Australia’s litigation funding market a ‘global hotspot for international investors … many based in tax havens and with dubious corporate histories’ with returns of ‘more than 500%’

The tone and findings of this 454 page report by the Parliamentary Joint Committee on Corporations and Financial Services – Litigation funding and the regulation of the class action industry – are revealed in its opening paragraphs, that the purpose of a civil justice system is to ensure a fair and reasonable society, and that when a damage is inflicted upon a person that is unlawful, that they are restored to their previous state.

But, the report goes on to say,

‘courts and civil remedies were not established as novel investment vehicles to deliver handsome profits to innovative financiers or creative lawyers’.

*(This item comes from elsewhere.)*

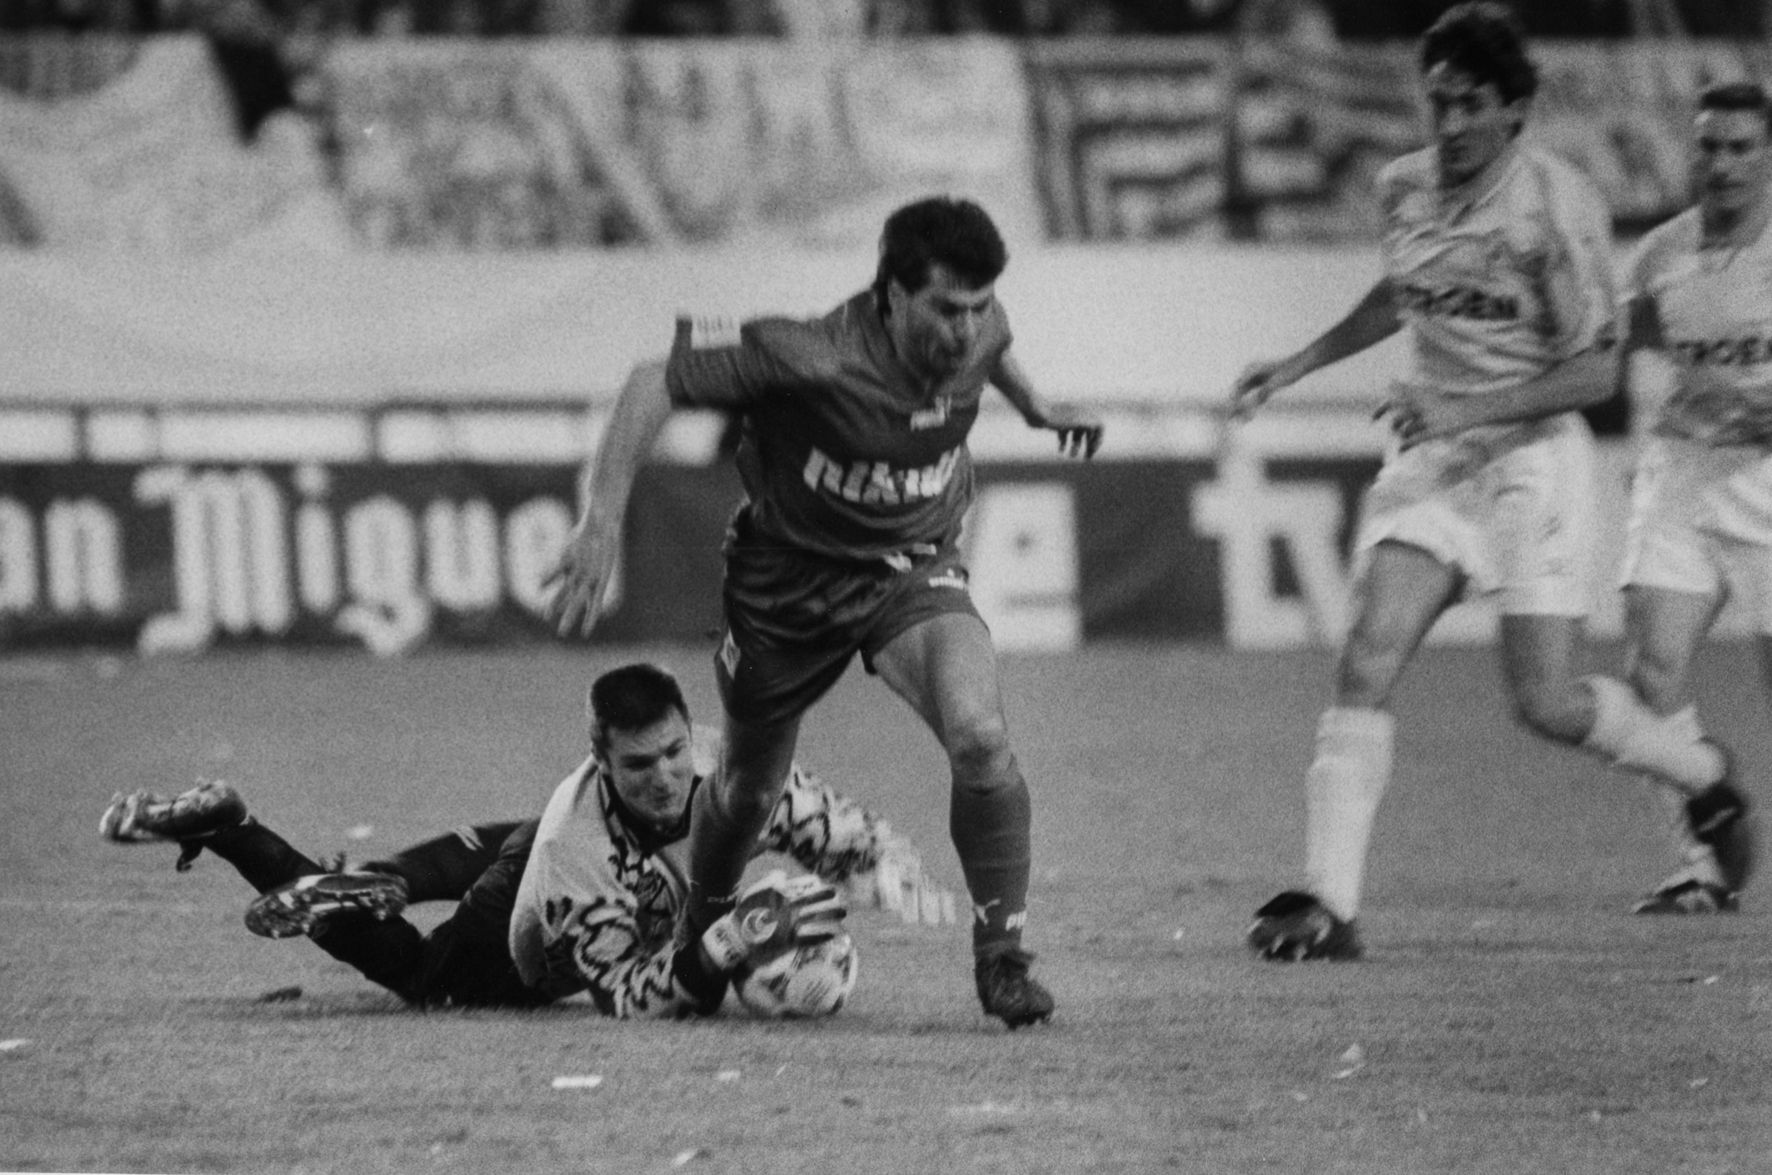 CA�IZARES 20-04-94 Magar Detiene un bal�n en la final de Copa, su gran espina con el Celta.jpg

While most people would be ‘comfortable with the idea that profits may be made incidentally while delivering the core objective of access to justice’, they would be

‘rightly horrified to learn that for some participants in our justice system, return on investment and profit from risk-taking has become their primary motivation’.

‘Australia’s highly unique and favourably regulated litigation funding market has become a global hotspot for international investors, including many based in tax havens and with dubious corporate histories, to generate investment returns unheard of in any other jurisdiction – in some cases of more than 500 per cent’.

The report says this is ‘directly the result’ of a regulatory regime described by ASIC as ‘light touch’ and under which no successful action by a regulator has ever been taken against a funder.

It goes on in similar vein, including that ‘participants in class actions are the biggest losers in this deal’.

31 recommendations

The report makes 31 recommendations, many involving the powers and jurisdiction of the Federal Court, commencing with recommendation 1, that the government investigate legislative change ‘which promotes procedural proportionality in class actions, with the objective of facilitating the pursuit of class actions where the potential costs and drawbacks are balanced against the potential benefits for the parties to litigation, the class members, as well as the impacts on court resources, regulatory outcomes and the public interest’; through to recommendation 31, that irrespective of whether none, some, or all of the committee’s recommendations regarding the Federal Court of Australia’s class action regime are adopted and implemented, that the ‘federal, state and territory governments work towards achieving consistency in class action regimes across jurisdictions’.

It is an odd report in that it examines in detail the Australian Law Reform Commission’s 2019 report on the same topic –  Integrity, Fairness and Efficiency—An Inquiry into Class Action Proceedings and Third-Party Litigation Funders (ALRC Report 134)  – and adopts many of its recommendations, but otherwise goes off on its own.  As the minority report says, the government has given no response to the ALRC 2019 report and yet then commissioned this one.  [The one outcome of ALRC 134 has been that a Protocol for Communication and Cooperation between Supreme Court of Victoria and Federal Court of Australia in Class Action Proceedings was adopted in June 2019, partially implementing Rec. 6].

And before this PJC had reported, the government decided that litigation funders would be required to hold an Australian Financial Services Licence (AFSL) and comply with the managed investment scheme regime under the Corporations Act?

The government’s response is awaited.

The New Zealand Law Commission may find this report useful.